» **Information provided**
BEGIN

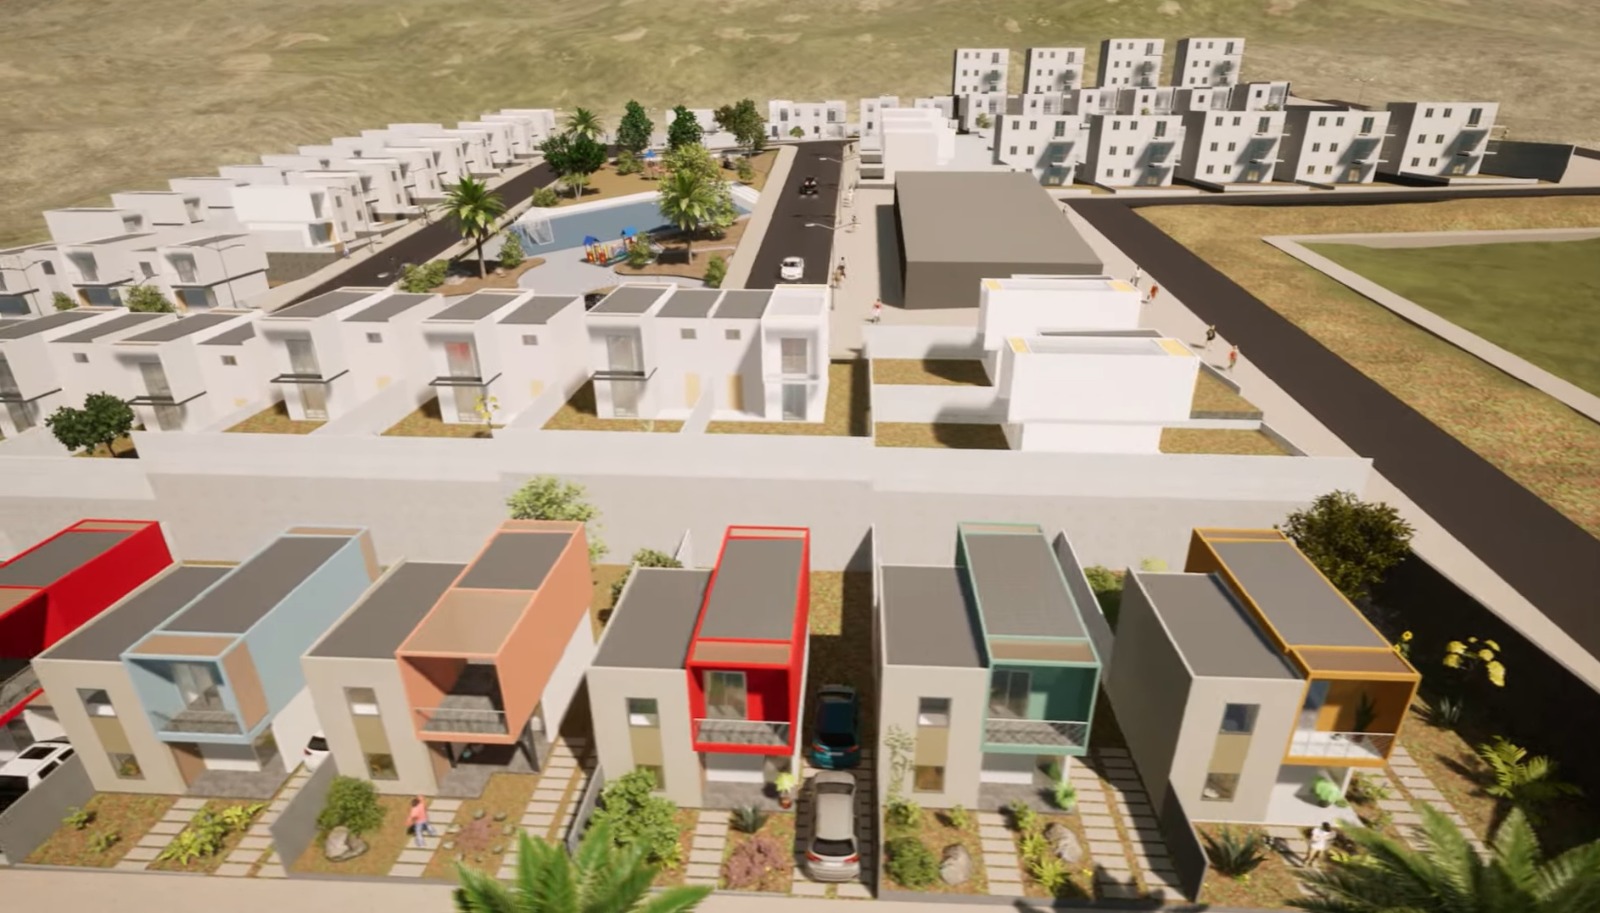 Concejo Municipal de Iquique aprueba habilitación normativa para conjunto habitacional "Altos de Playa Blanca"
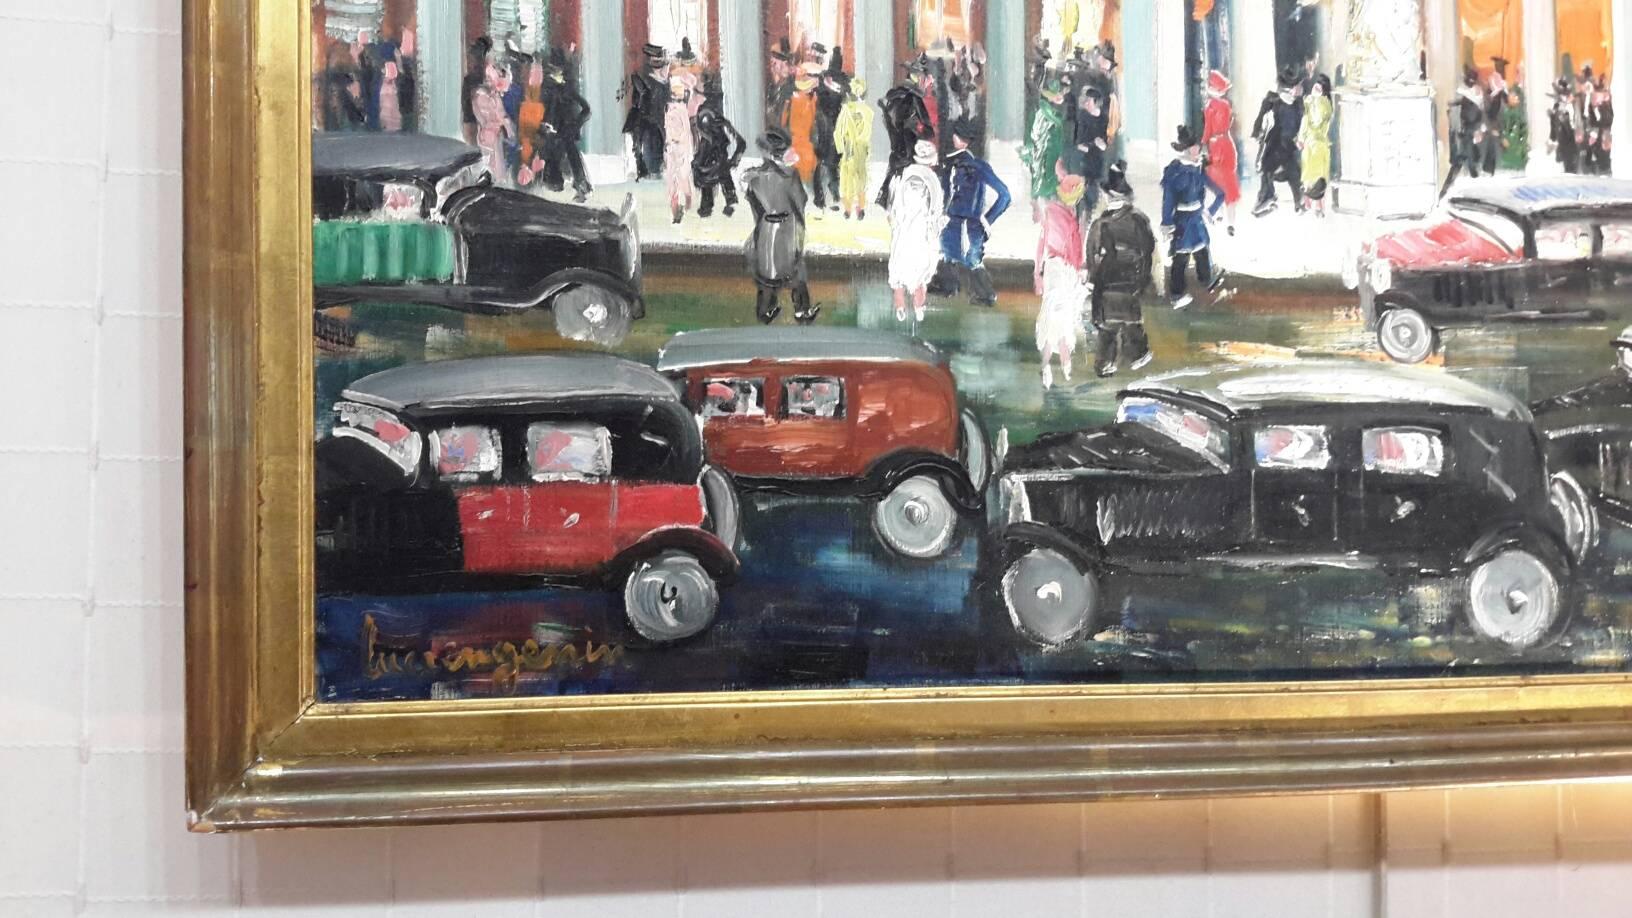 Palais Royal  Paris 1930's - Post-Impressionist Painting by Lucien Génin
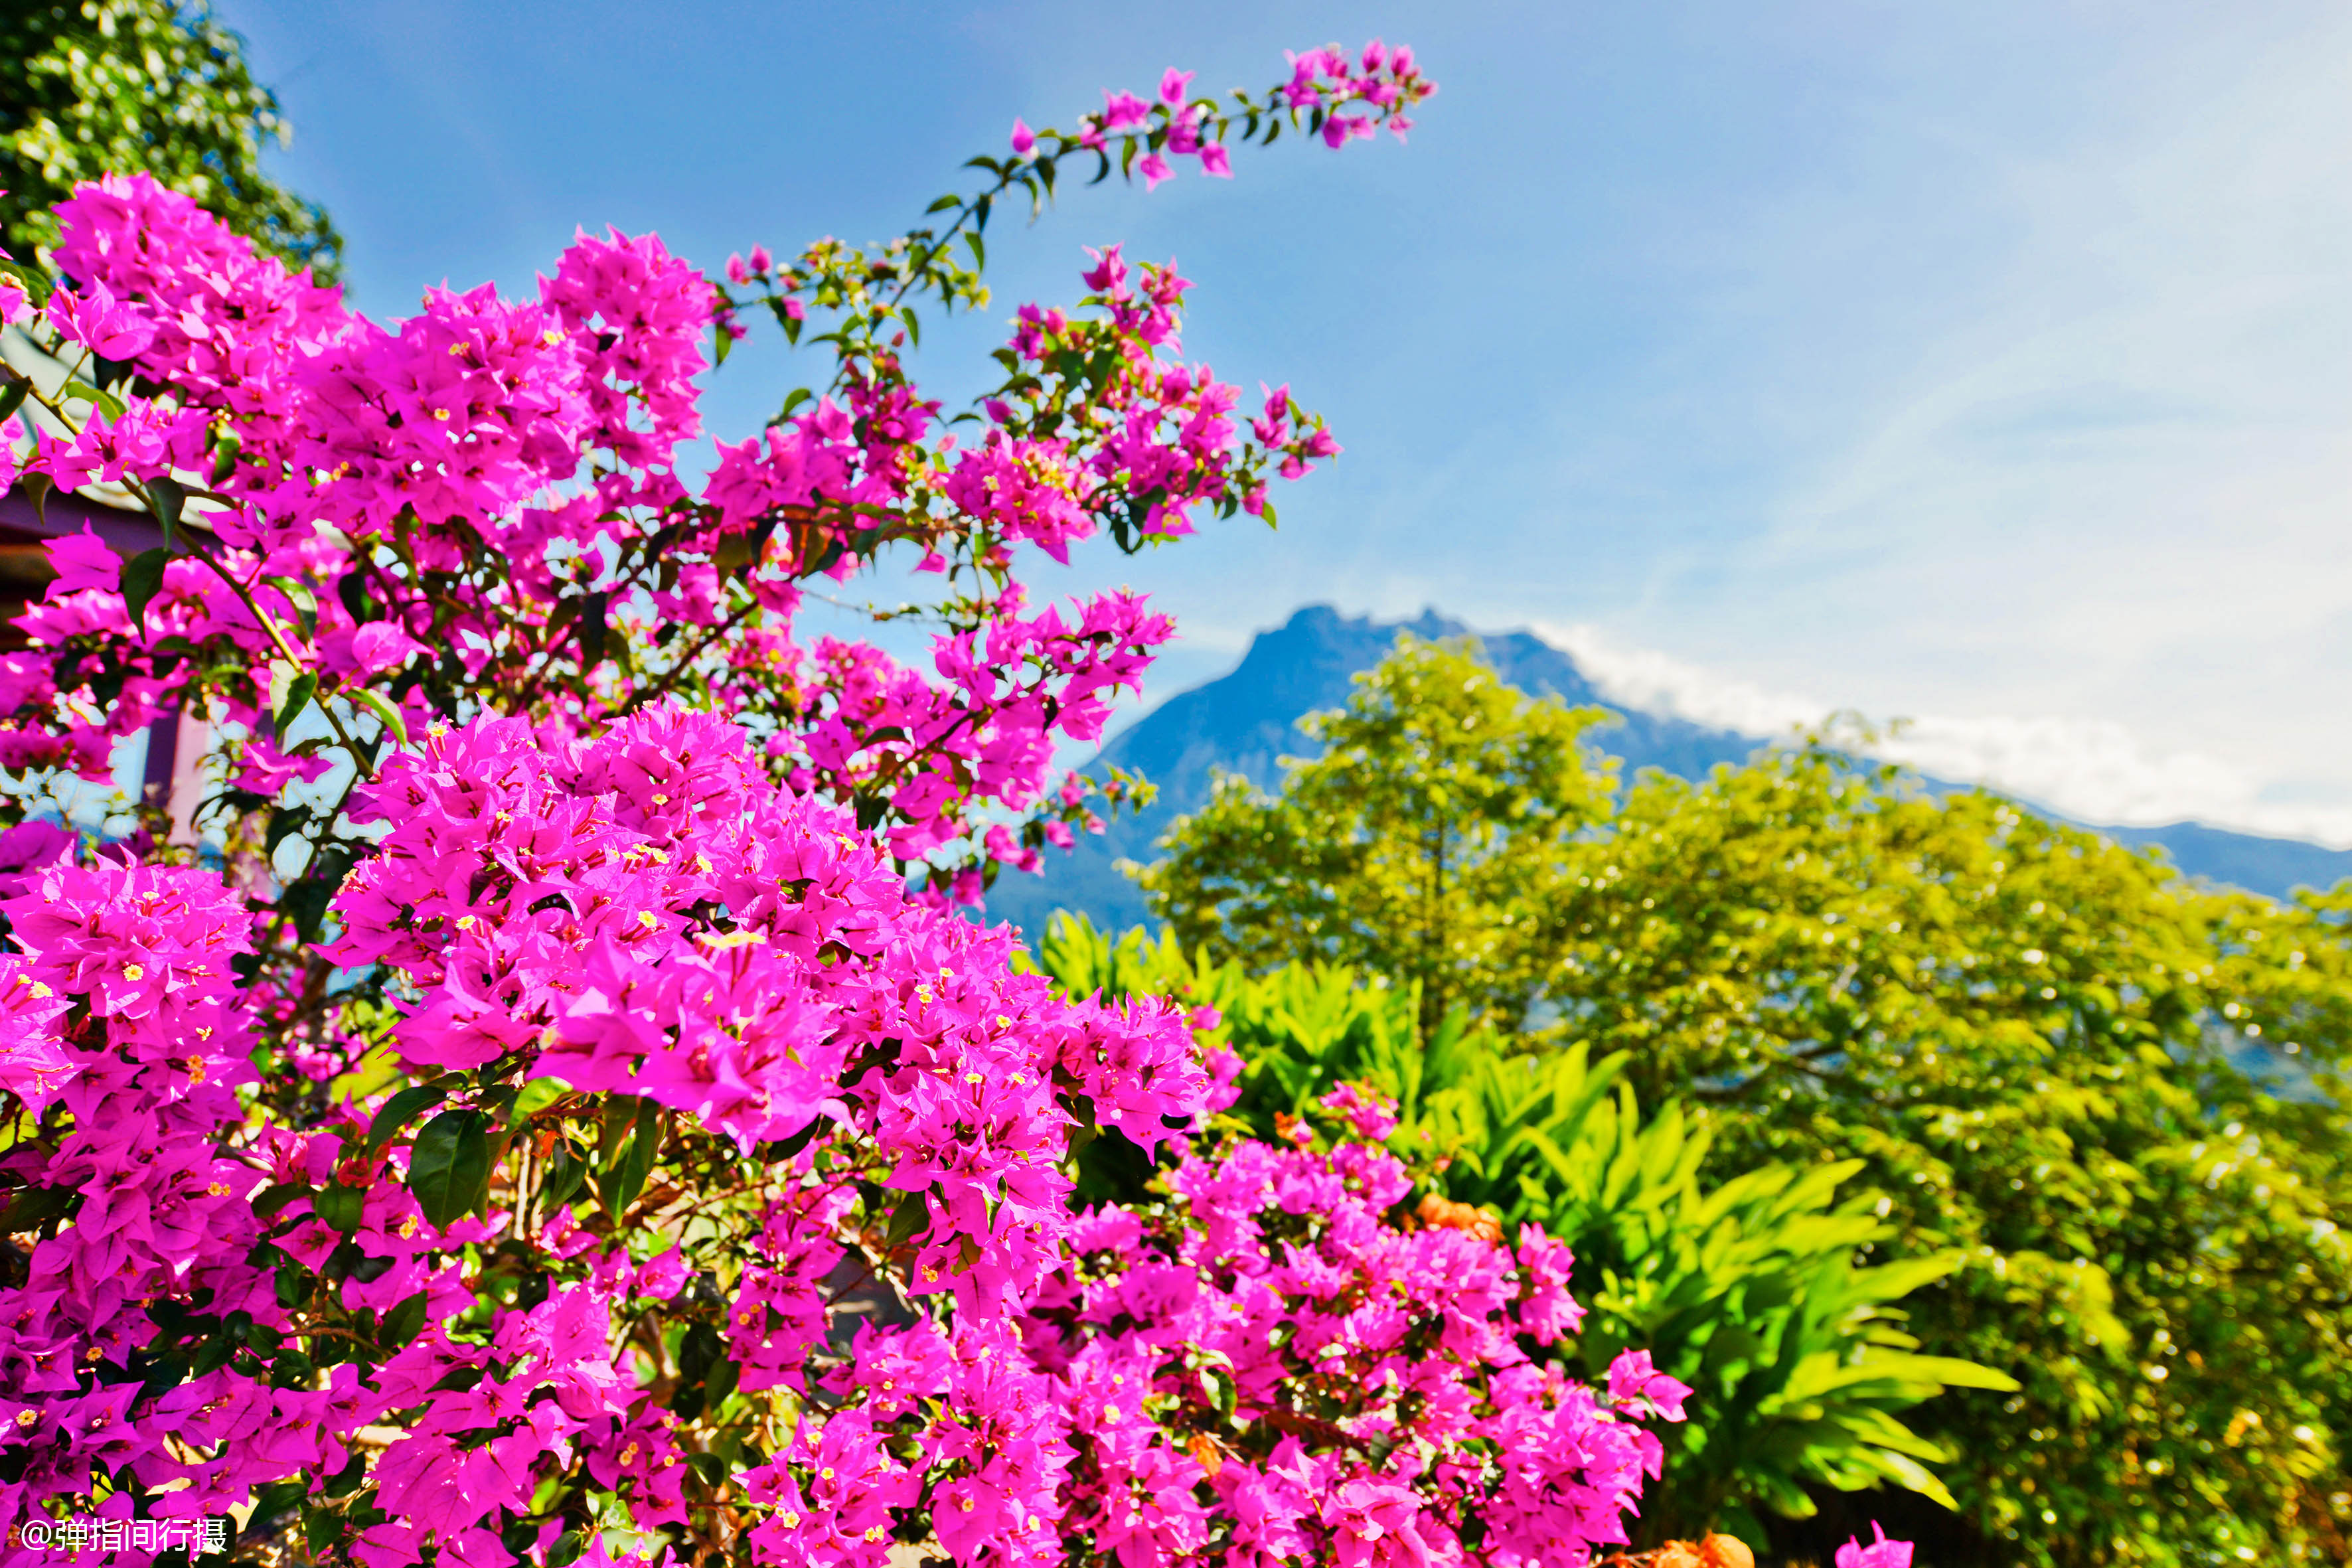 原创             世界上最大的花卉花瓣直径可达1.4米生长东南亚最高山峰上

END

» **Exercise aim**
Would you transcribe the listing above line by line, exactly, leaving every picture out?

» **Response**
 Concejo Municipal de Iquique aprueba habilitación normativa para conjunto habitacional "Altos de Playa Blanca"
 Palais Royal  Paris 1930's - Post-Impressionist Painting by Lucien Génin
 原创             世界上最大的花卉花瓣直径可达1.4米生长东南亚最高山峰上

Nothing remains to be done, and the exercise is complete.